Confusing virgin and RBD. Recipes calling for “coconut oil” do not always specify. Virgin gives scent and slight antimicrobial benefit; RBD gives a neutral, predictable result. For soap, RBD is the default. For hair masks and “tropical” body butters, virgin makes more sense.

Comedogenicity. Coconut oil on the face is one of the most divisive DIY topics. Some people swear by it; many find it triggers breakouts. Patch-test, and do not assume “natural” means non-comedogenic.

Solid/liquid confusion. Beginners worry when their coconut oil arrives liquid or melts on the shelf. This is purely temperature-driven and has no quality implications. Re-solidified coconut oil performs identically.

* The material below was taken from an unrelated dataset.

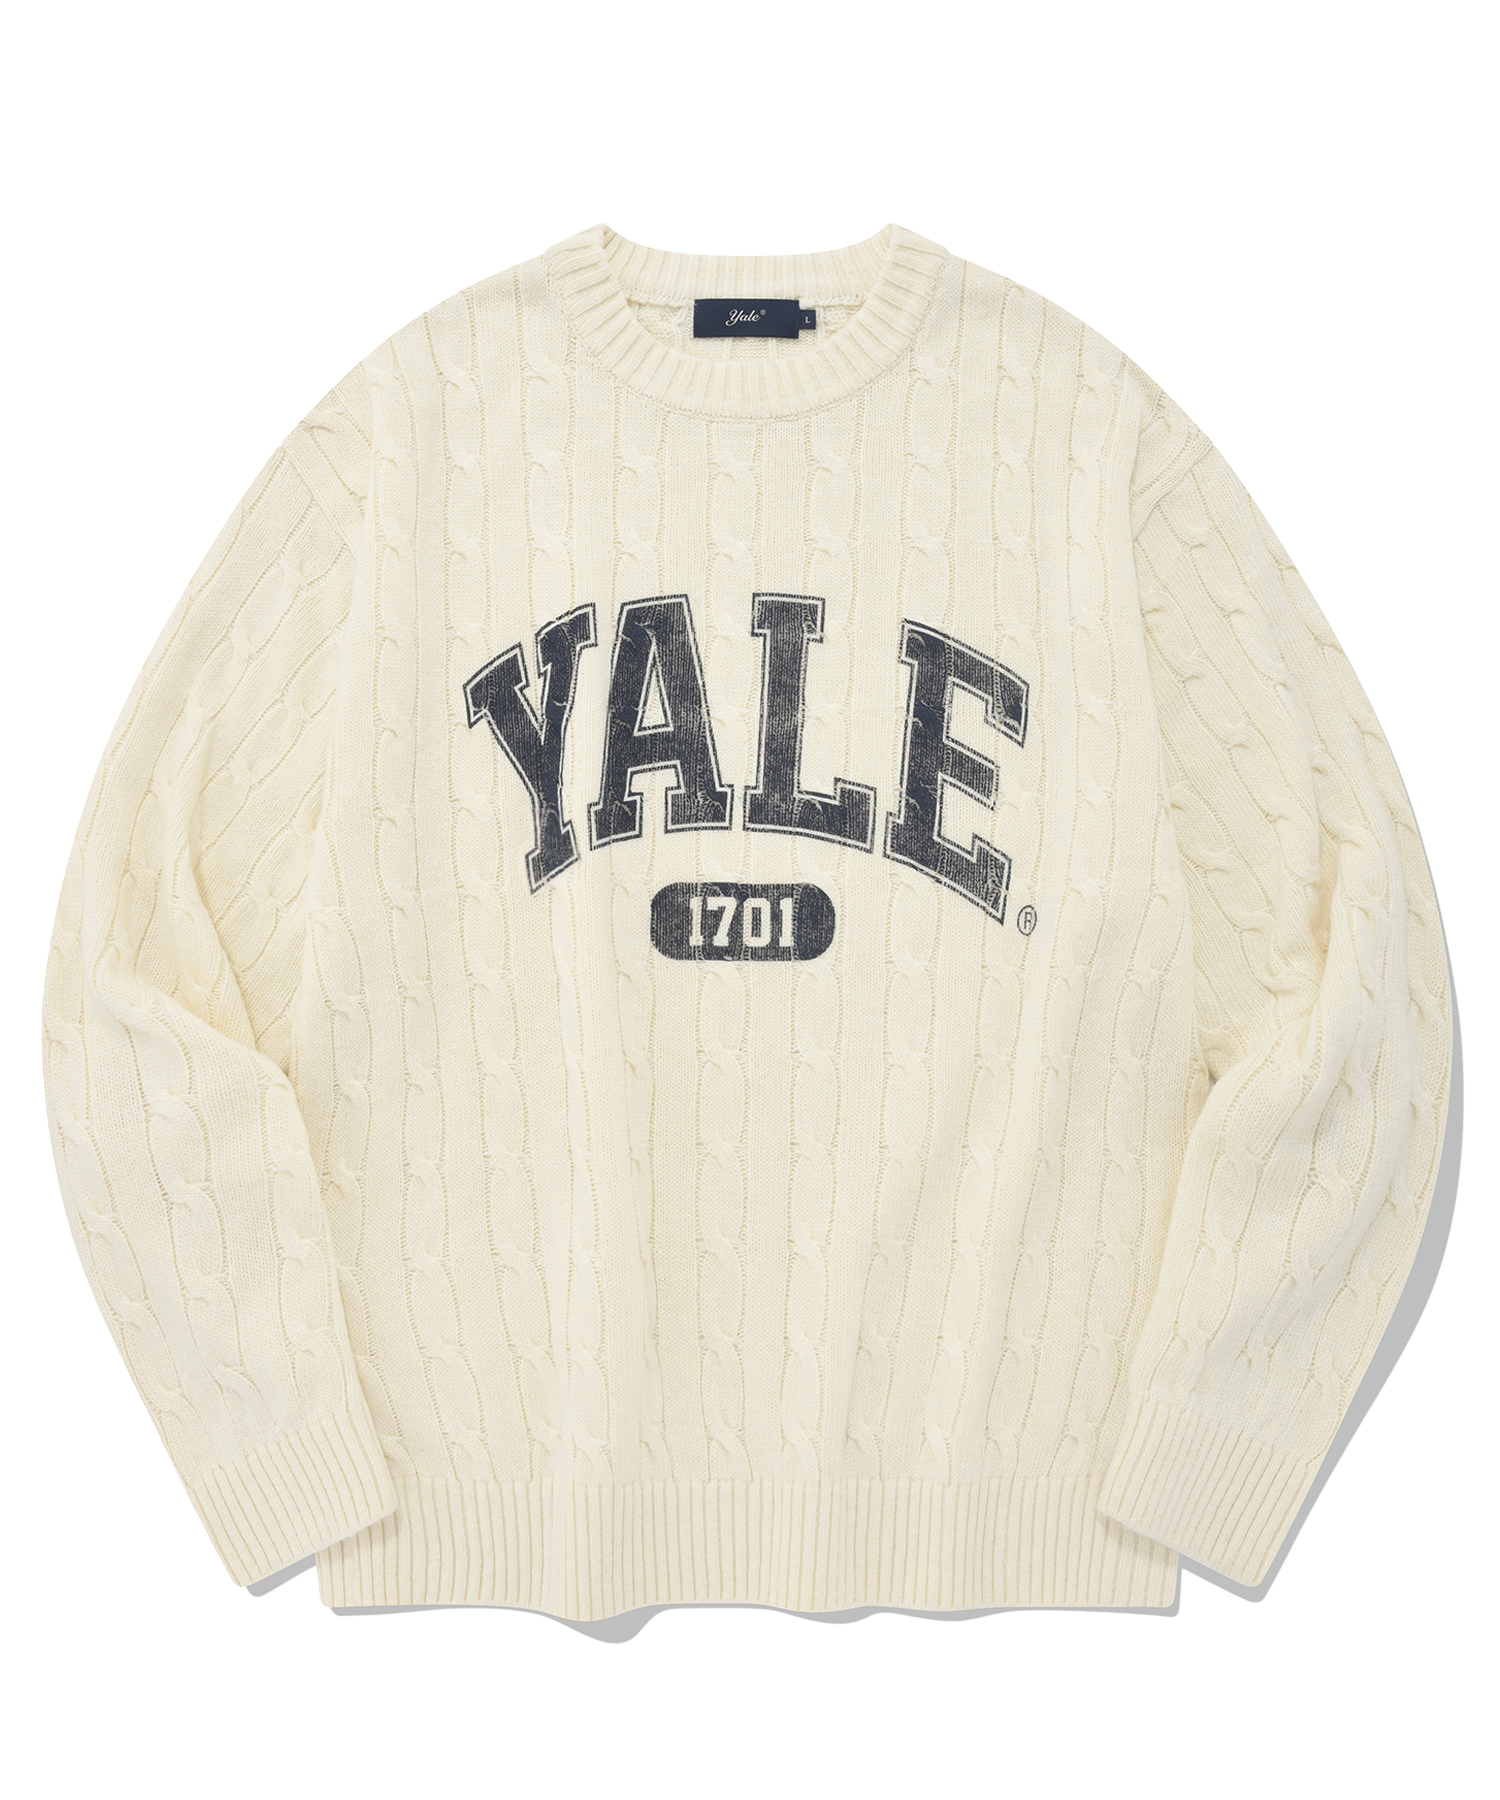 2 TONE ARCH LOGO CABLE KNIT IVORY

Buying food-grade for skincare. Generally fine, especially for RBD. For virgin, look for cold-pressed cosmetic-grade if you want consistent scent and color.

Substitutes

  • Babassu oil — similar lauric profile, lighter feel (“dry coconut oil”), less occlusive on skin. Often recommended as a face-friendlier swap.
  • Murumuru butter — also lauric-rich, semi-solid texture, hair-conditioning. Pricier.
  • Palm kernel oil — similar fatty acid profile to coconut, sustainability concerns. Sometimes used in soap.
  • Fractionated coconut oil (caprylic/capric triglyceride) — keeps the medium-chain triglyceride feel but stays liquid. Less lather in soap, much lighter on skin.